Work instructions: Only one stretch of the data below is wanted: the lines starting at the one with "AVIATOR NATION - Sweatshirt" and ending at the one with "PUBG Invitational na", both included, given again exactly.

Provided information:
========
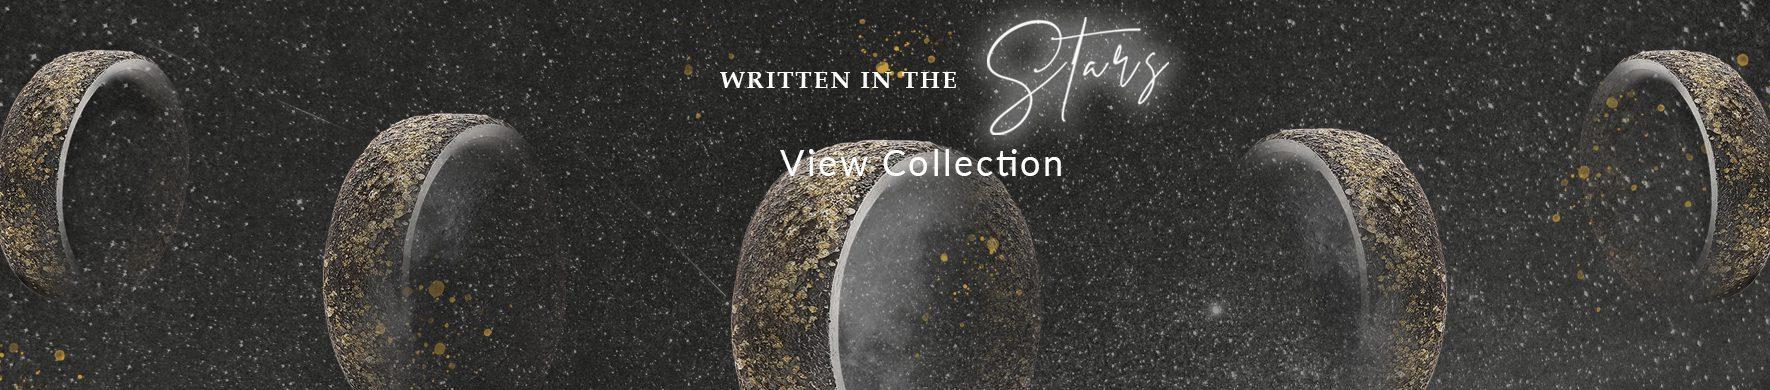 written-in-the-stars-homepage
========
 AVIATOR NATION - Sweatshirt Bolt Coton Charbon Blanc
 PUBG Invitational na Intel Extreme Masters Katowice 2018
========
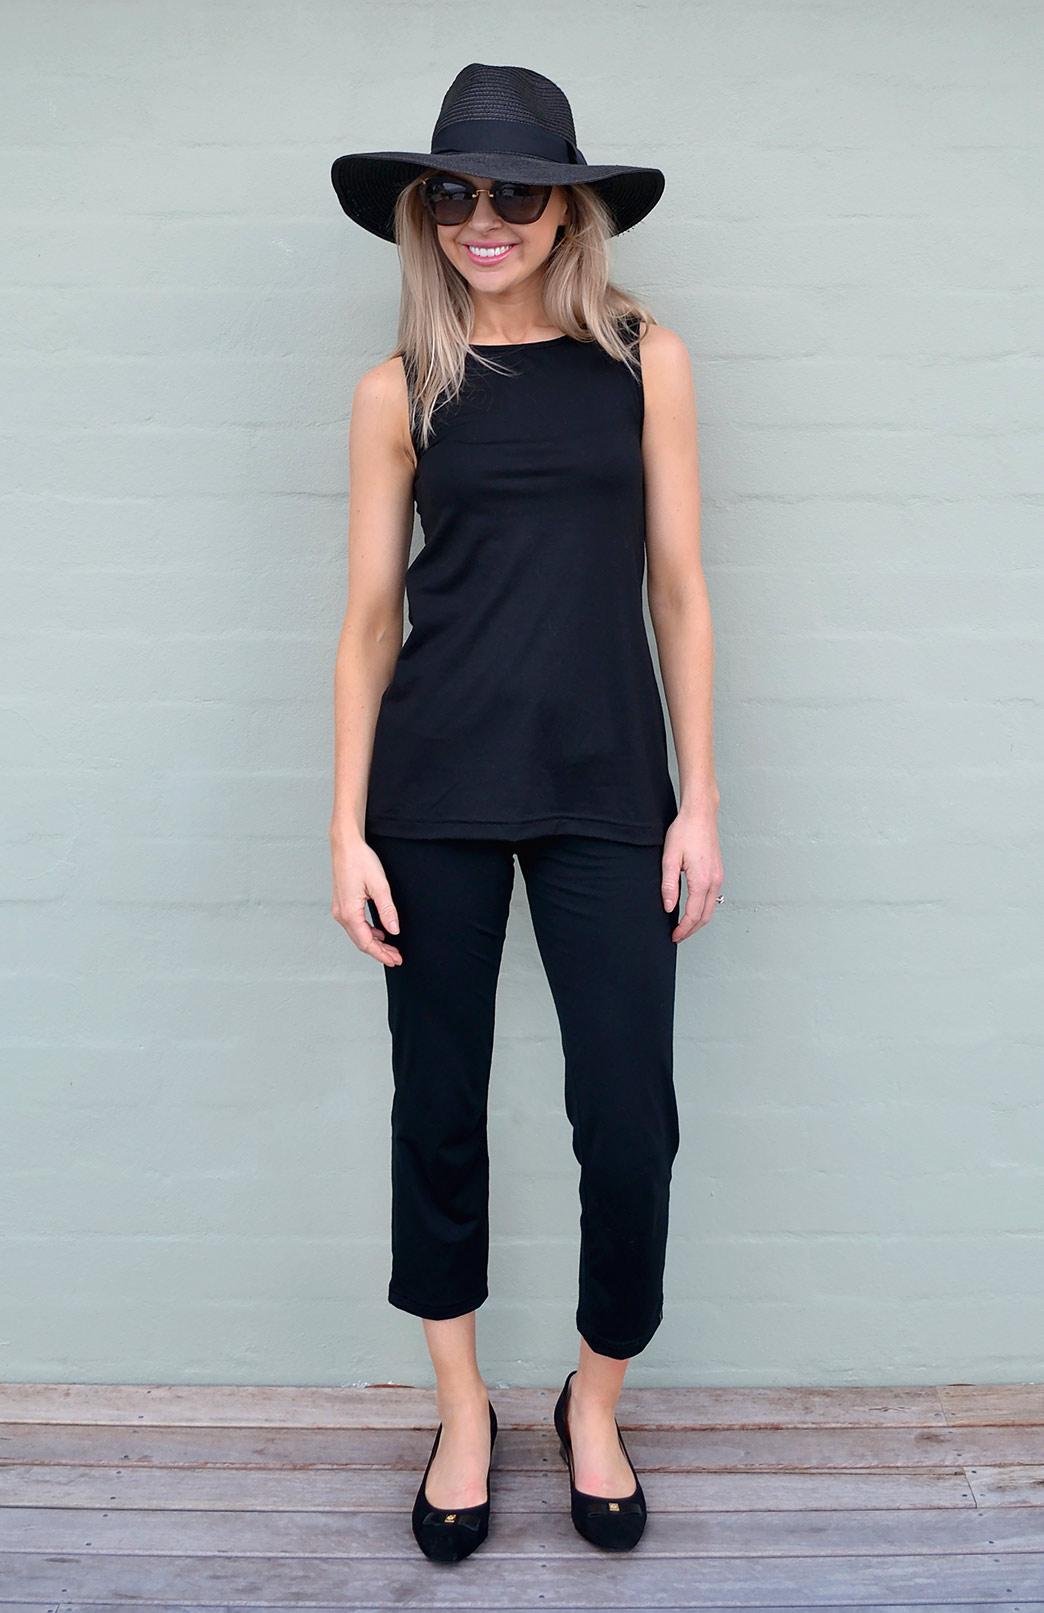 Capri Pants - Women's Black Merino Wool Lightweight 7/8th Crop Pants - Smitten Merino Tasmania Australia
========
Answer area:
 AVIATOR NATION - Sweatshirt Bolt Coton Charbon Blanc
 PUBG Invitational na Intel Extreme Masters Katowice 2018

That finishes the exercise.